As some people would say, thanks for "Keeping it Real"
Mr. Byrne:
While we are at opposite ends of the political spectrum, on this particular subject we are in nearly full agreement.
I grew up on the North Shore and attended a school similar to New Trier, the subject of Rev. Meeks' enrollment campaign.
Recently, I took a hiatus from my law practice to teach in the inner city (at a high school mentioned today in the Tribune).
While there are promising students at schools all over, the problem is not one of money or computers or qualified teachers, despite what the CPS suits, Rev. Meeks, and others broadcast.
No, the fundamental problem is the kids (and their families) for the most part do not care about education and have no interest in trying to succeed academically. There exists a pervasive culture that school does not matter and a fatalistic attitude that even if it did, somehow it would not make a difference.
Until the leaders of the poor and predominantly minority people whose children make up the vast majority of CPS students make it a non-negotiable fact that academic success matters and failure is not acceptable, this cycle will continue.

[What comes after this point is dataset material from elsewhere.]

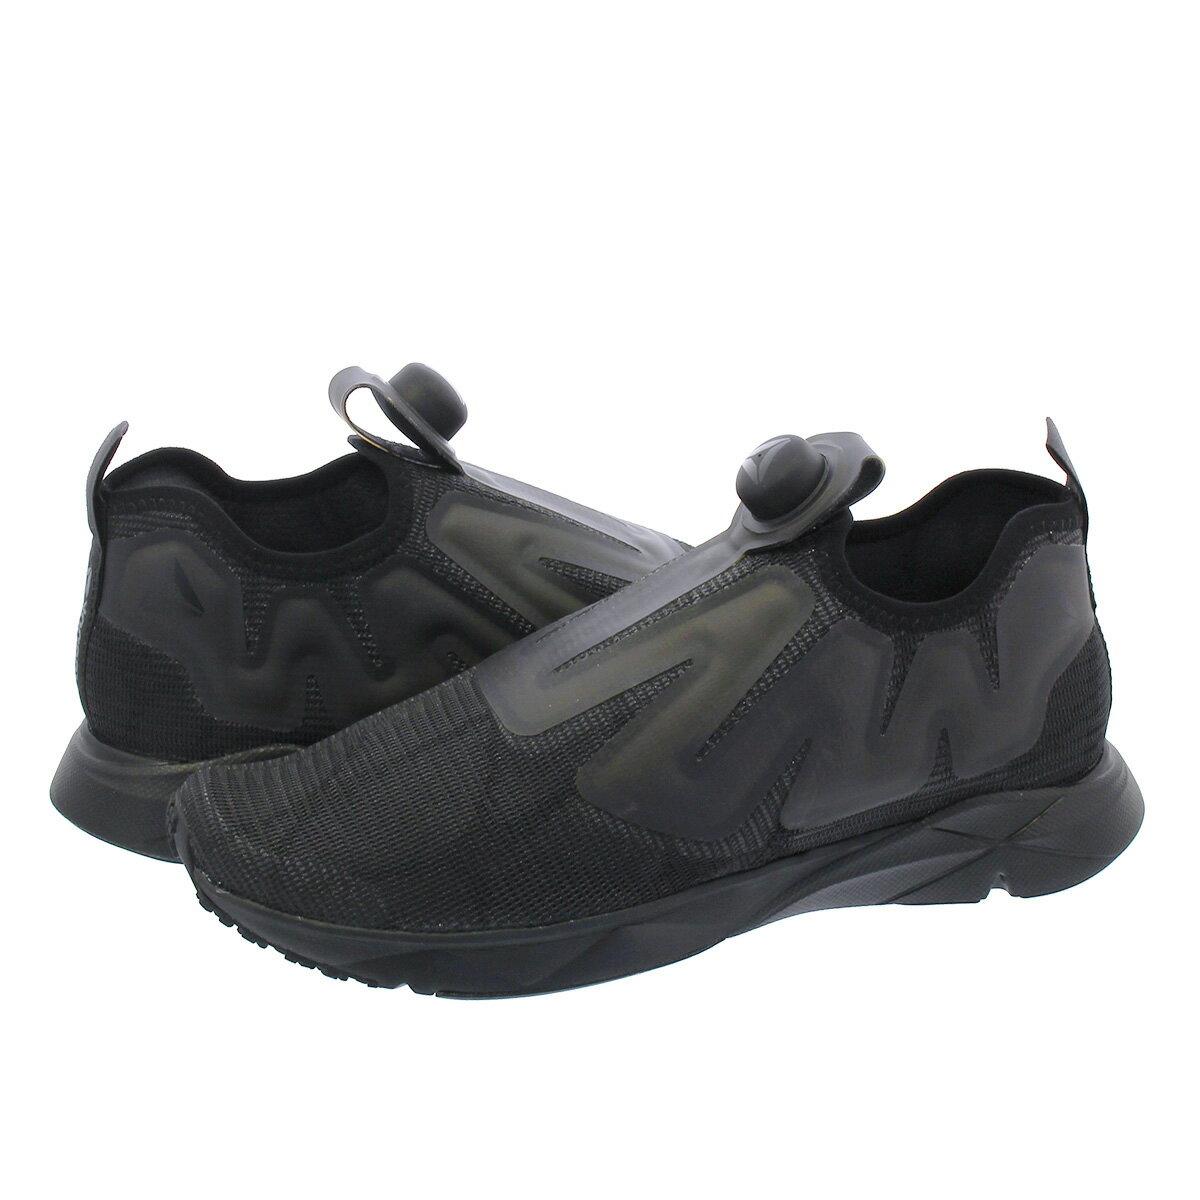 【お買い物マラソンSALE】 Reebok PUMP SUPREME FLEXWEAVE リーボック ポンプ シュプリーム フレックスウィーブ BLACK/ASH GREY cn5577

As someone who has been on the inside and really, really tried to help change things but for the most part could not, I agree with your thoughts and hope that people recognize that it is not necessarily racism to say some of the things you've said.
So, let me get this straight - basically, you are saying that black males are the reason that Chicago Public Schools are low performing? Using that logic, would it not make sense for all other groups to flee CPS and try to enroll in North Shore schools that week? How about segregating black males in a place away from others so that they will not reflect so badly on CPS. Oh, I forgot they have places like that - jails and prisons.
P.S. I applaud your attempt to not sound racist, but isn't that like a joke that says you can say anything if you add the phrase "just kidding" after it?
So Dennis, I am not certain the real reason for this editorial – is it the one day of school that might be missed, the request for more monies, or that you really understand the problem and have the answer? Well Dennis, as always, I think it is the latter. But once again, you stray in an area of expertise that you have none. You are an old white guy living in Northbrook! You have no idea what it is like to live in the inner city of Chicago as a poor black male. You can never understand their problems and thus can never have the answer. And while I do not have the answer, I look for others to lead, such as Bill Cosby, Jesse Jackson, Clarence Page, and Barack Obama. Get out of the way! You can be of no help.
Take your typical New Trier family, stick them in Englewood, and they'd be beating down every politicians door demanding their kids get bussed to the suburbs and the state troopers (and national guard) patrol their streets. Meeks may be self-agrandizing, hypocritical, bigotted (definitely that), etc. but he hasn't become numb to certain outrages that we all take for granted.
Mr. Byrne:
I read in today's Tribune that funding disdparity is responsible for new Trier having a 99.8% graduation rate and Marshall a 46% graduation rate. I suspect if the funding were reversed New Trier would still have near ly 100% graduation and marshall would still have a huge drop out problem. The issue is not funding but rather a total disregard for education on the part of most African Americans. I spent two years teaching at Miami Northwestern, an inner city school in South Florida and found only three students that had achieved high school level reading and writing abilities. it was not a lack of intelligence but an utter disregard for the value of education
Al
Pay attention to what Al and "S" said. They have been in the school system trying to help black students -- they say that the problem is the students' (and parents") lack of motivation to learn.
My half-sister taught in the inner city schools and found that it's almost impossible to even keep order with the children if they are beyond early grade school. Forget discipline; as a white woman she could not even shake her finger at a child, while other black teachers could drag them down the hall by the ear and not get warned by principals.
Very depressing and sad situation for the children and for society in general.